Parto de la base de que siempre ha sido un problema traducir una pintura a lenguaje verbal. Sin entrar a dilucidar lo que los críticos (provengan del campo de la literatura, de la filosofía o de la historia) entienden por su función, mi postura coincide en gran medida con la de Gilson: «Las únicas personas que saben algo de pintura en cuanto arte creador son los pintores». Aun teniendo esto presente, no deja de ser cierto que cualquiera de nosotros está legitimado para emitir un juicio sobre cualquier cosa que nos rodee. Otro asunto es lo documentado que esté ese juicio. Voy a intentarlo por medio de una instantánea fotográfica, la pintura en trance de realización y algunas frases de Gilson.

Parece oportuno plantear el análisis como un entretenimiento veraniego. Anímese y busque usted las diferencias porque, en ellas, se encuentra lo que de forma convencional llamamos arte. Observe el camino y la tapia de tierra a la izquierda; el río cristalino y abundante en agua; el verde jugoso y variopinto; las esbeltas palmeras; el abigarrado colorido de las fachadas; la torre de la iglesia de Nuestra Señora de la Asunción; la sierra que acentúa con sus violetas la distancia; el airoso Puig Campana y, para finalizar, el vibrante cielo.

Ni que decir tiene que intento ser un profesional y que la fotografía está realizada desde el mismo sitio en el que se encontraba el pintor. Las adiciones no son inventadas; están en el lugar, el pintor lo sabe; pero o no ubicadas donde las sitúa o no visibles desde su punto de vista.

Tampoco pasa nada. Lo hacía Guardi (ayudándose de la cámara oscura, además) y la inmensa mayoría ni nos hemos dado cuenta.

La pintura de países fue un buen medio para llenar paredes, incluso desde el tiempo de los romanos. Su madurez como género llega en el barroco, cuando los holandeses son capaces de trascender el paisaje clasicista lleno de figuras mitológicas o religiosas que les proporcionan asunto y significación y, especialmente, cuando los románticos lo convierten en manifestación de un estado de ánimo. Su consagración, cuando los impresionistas pretenden llevar el realismo hasta las últimas consecuencias aplicando chapuceramente unos principios científicos discutiblemente entendidos y encontrando en ese itinerario erróneo, al igual que el equivocado Colón, un mundo nuevo.
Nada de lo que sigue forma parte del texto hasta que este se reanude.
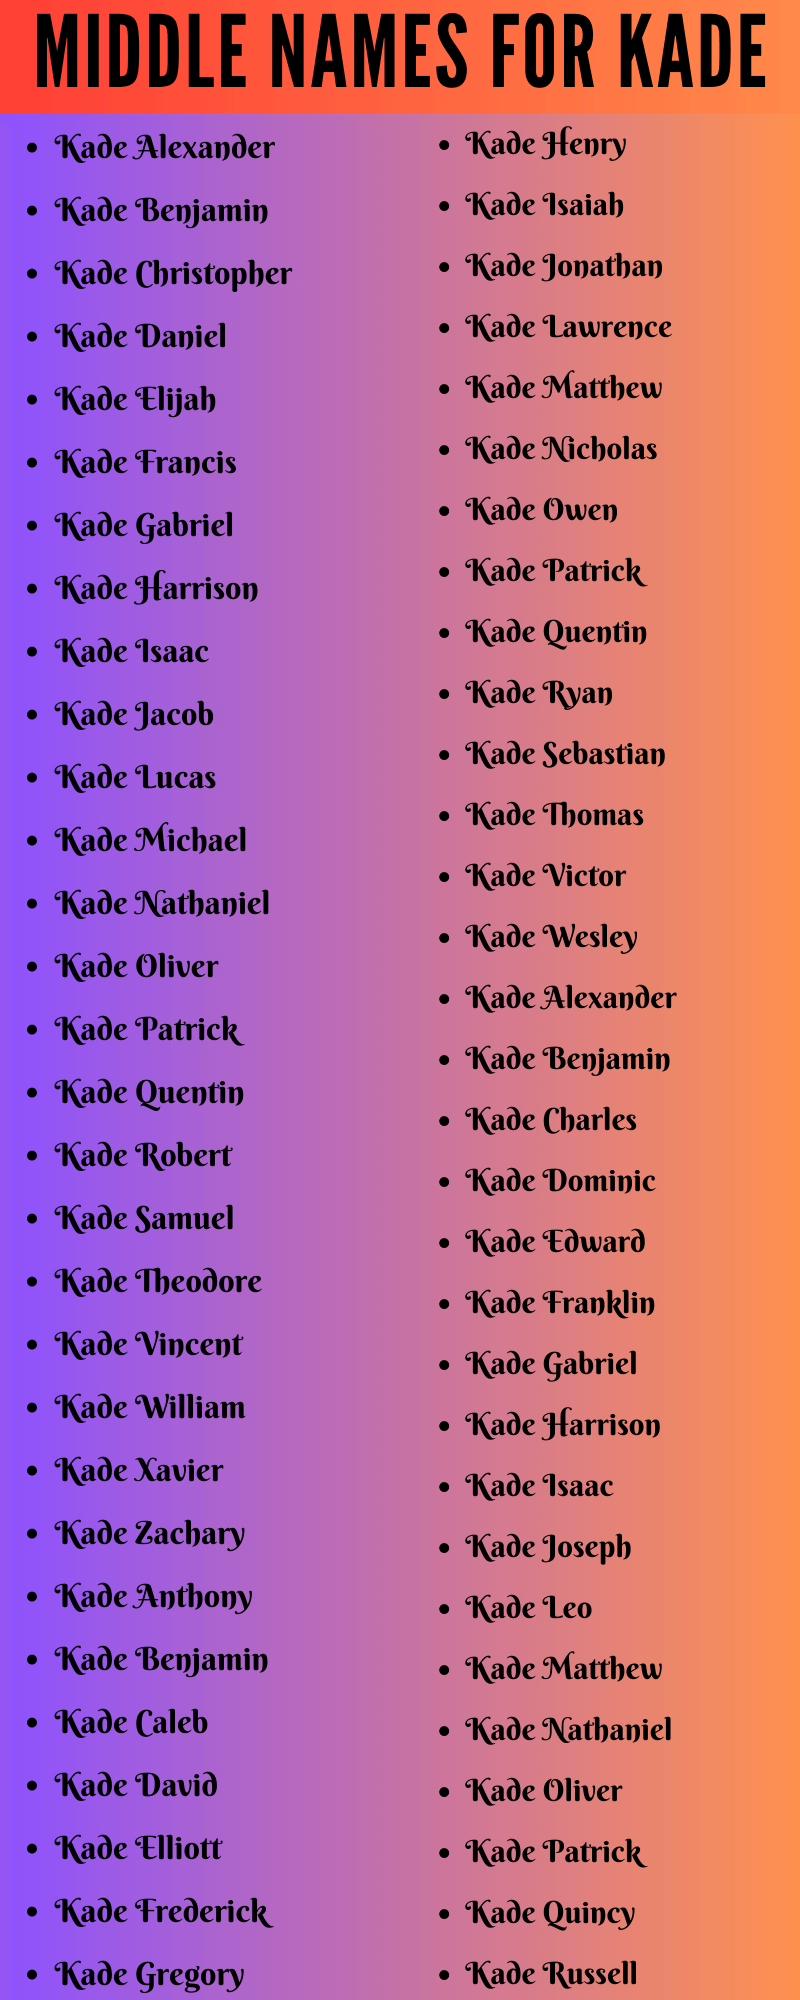 400 Creative Middle Names For Kade

Pretender que los pintores del último tercio del diecinueve pintaban lo que veían, pues vale… Se quiso, en esa misma época, vincular pintura y música. Dice al respecto Gilson: «Puesto que las composiciones musicales no tienen existencia física propia, es necesario absolutamente que directores, virtuosos, cantantes […] decida[n] sobre una de las innumerables posibles interpretaciones de un original cuya idea ha muerto con el compositor mismo. Como una idea platónica, la idea original de una composición musical no es nada más que una noción de la mente. Hablando estrictamente, no existe» (p. 34). Lo mismo podríamos decir del paisaje. Quizá todos lo veamos bajo la misma luz, pero su plasmación terminará recogiendo aquellos elementos que, a nuestra forma de entender el arte, son más apropiados. La naturaleza la tomamos como un recurso y la corregimos, añadimos, quitamos para que quede a nuestro gusto. Porque lo importante es el resultado. No el origen.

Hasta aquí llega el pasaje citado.